* **Task details**
Your answer must be a word-for-word copy of the listing, with all pictures excluded.
*** Opening Collected data ***
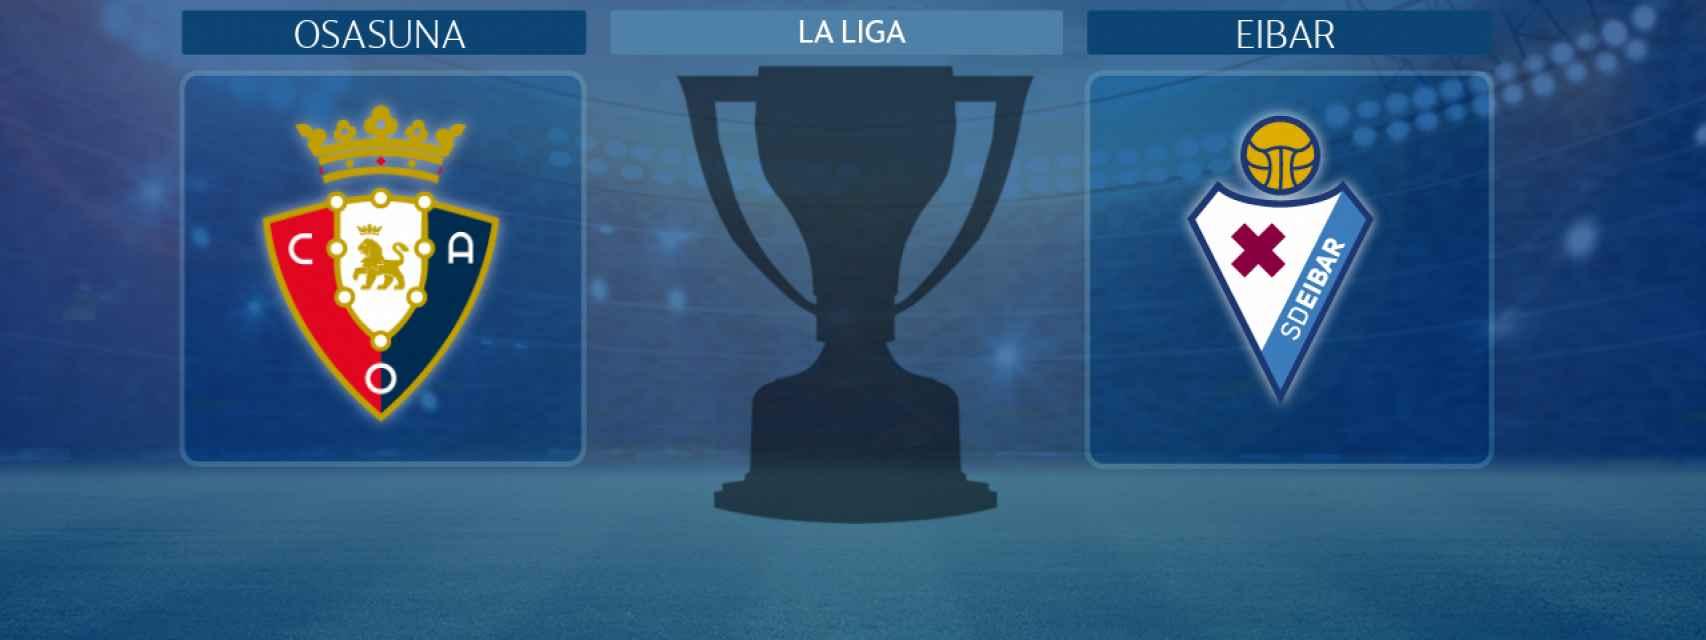 Osasuna - Eibar, partido de La Liga
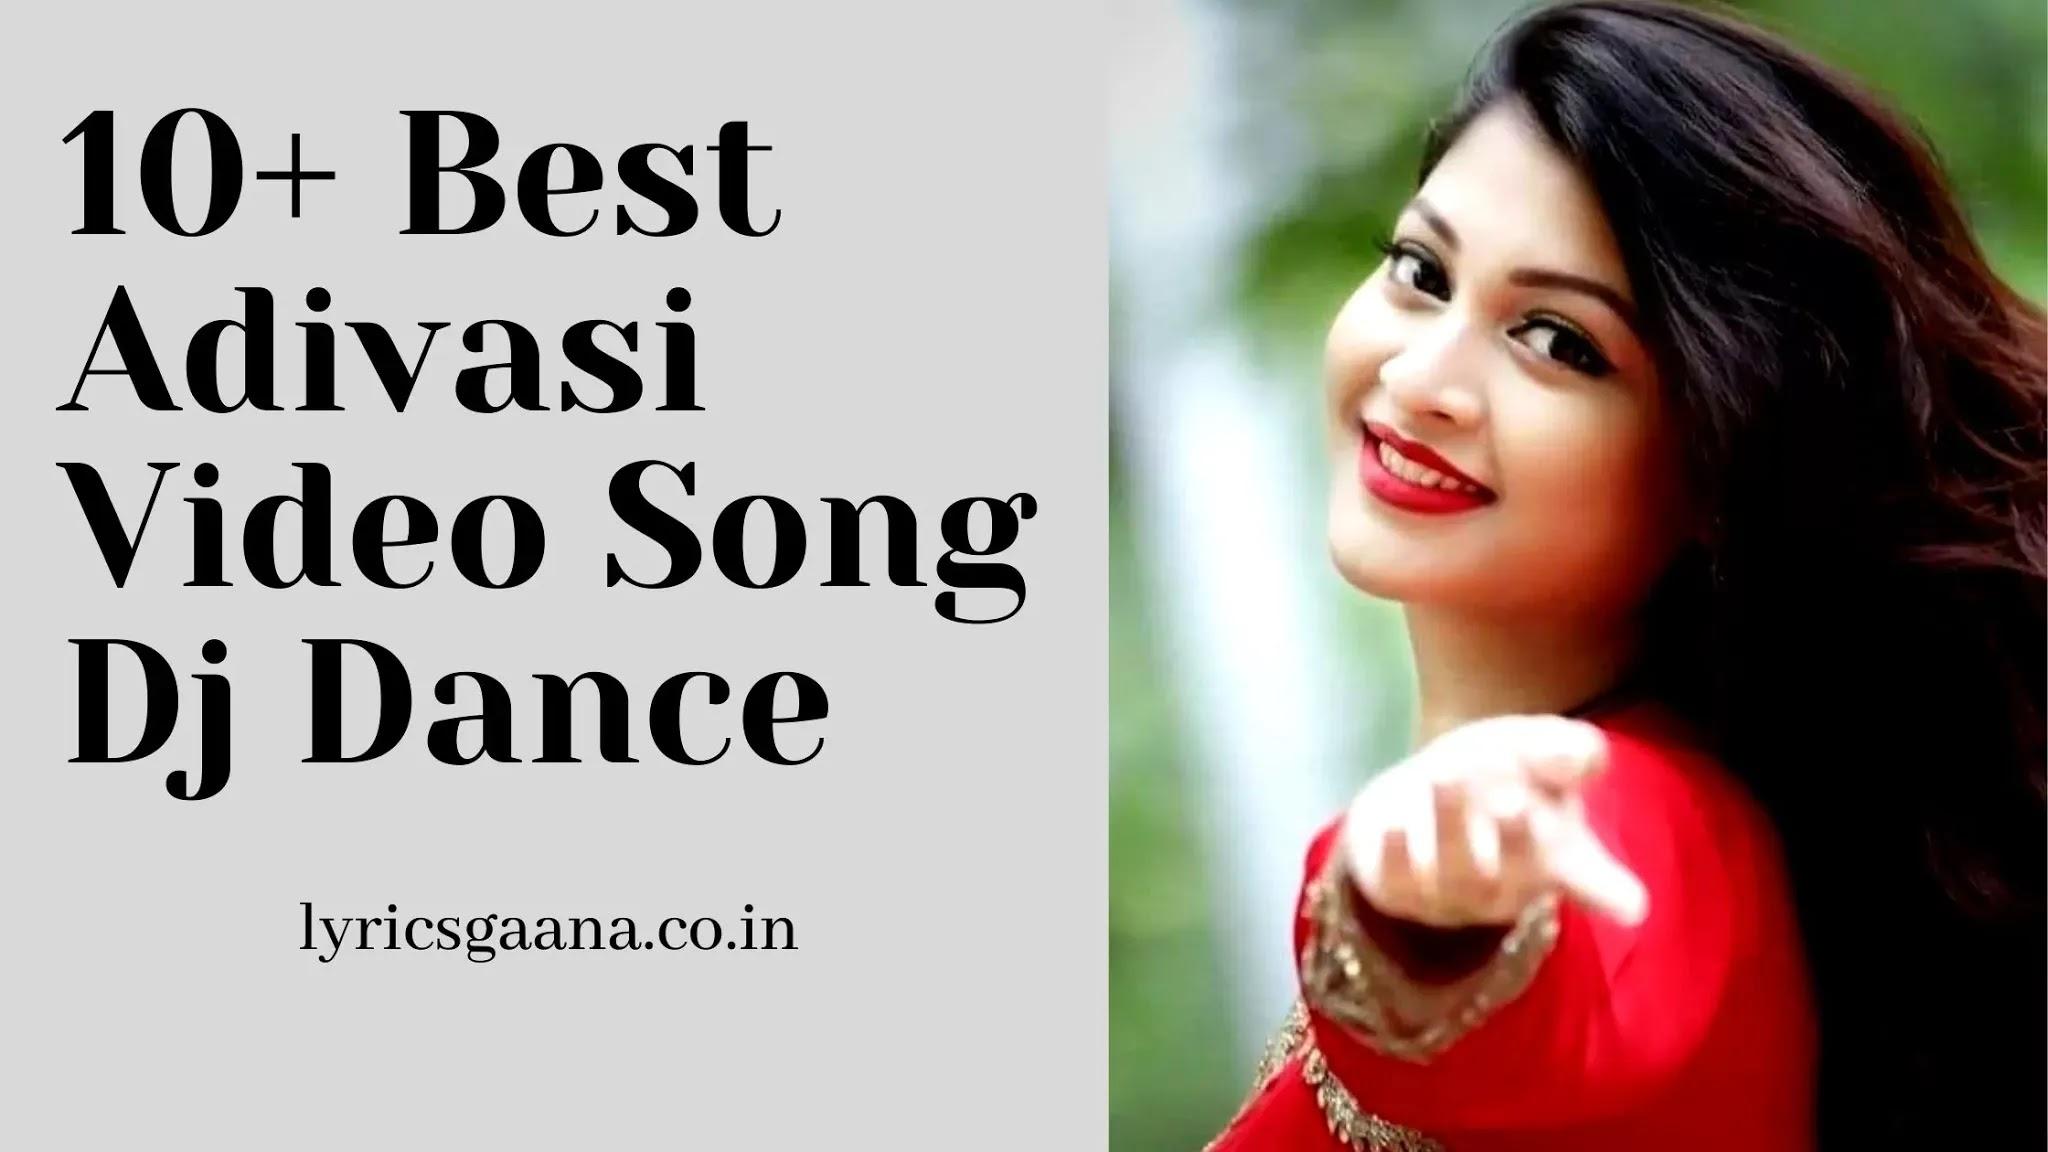 10 Best Adivasi Video Song Adivasi Video Timli Gana 2019-2020
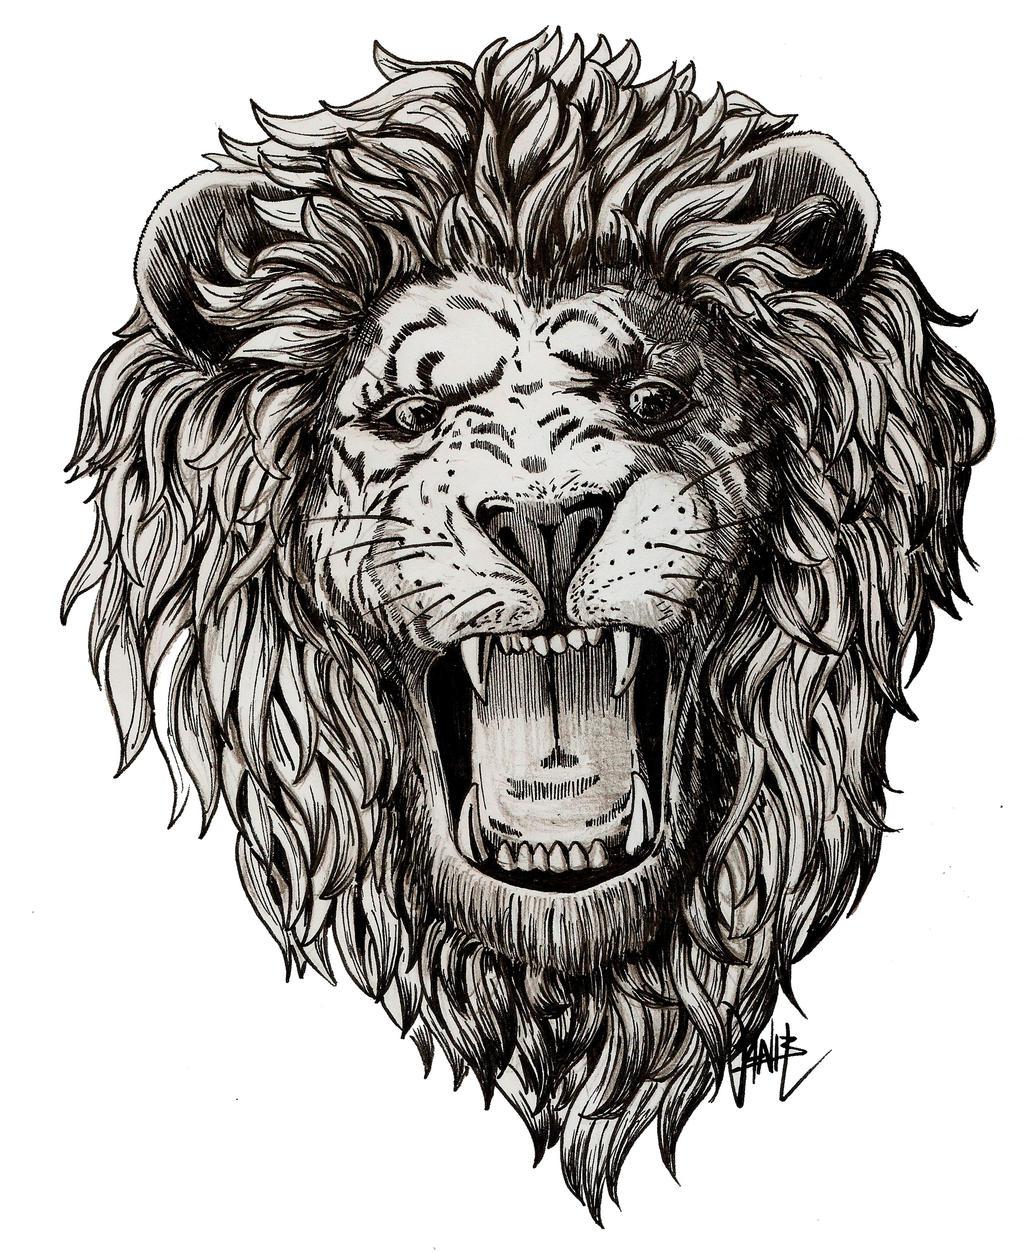 Lion roar by danillustration on DeviantArt
*** Closing Collected data ***
* **Answer section**
 Osasuna - Eibar, partido de La Liga
 10 Best Adivasi Video Song Adivasi Video Timli Gana 2019-2020
 Lion roar by danillustration on DeviantArt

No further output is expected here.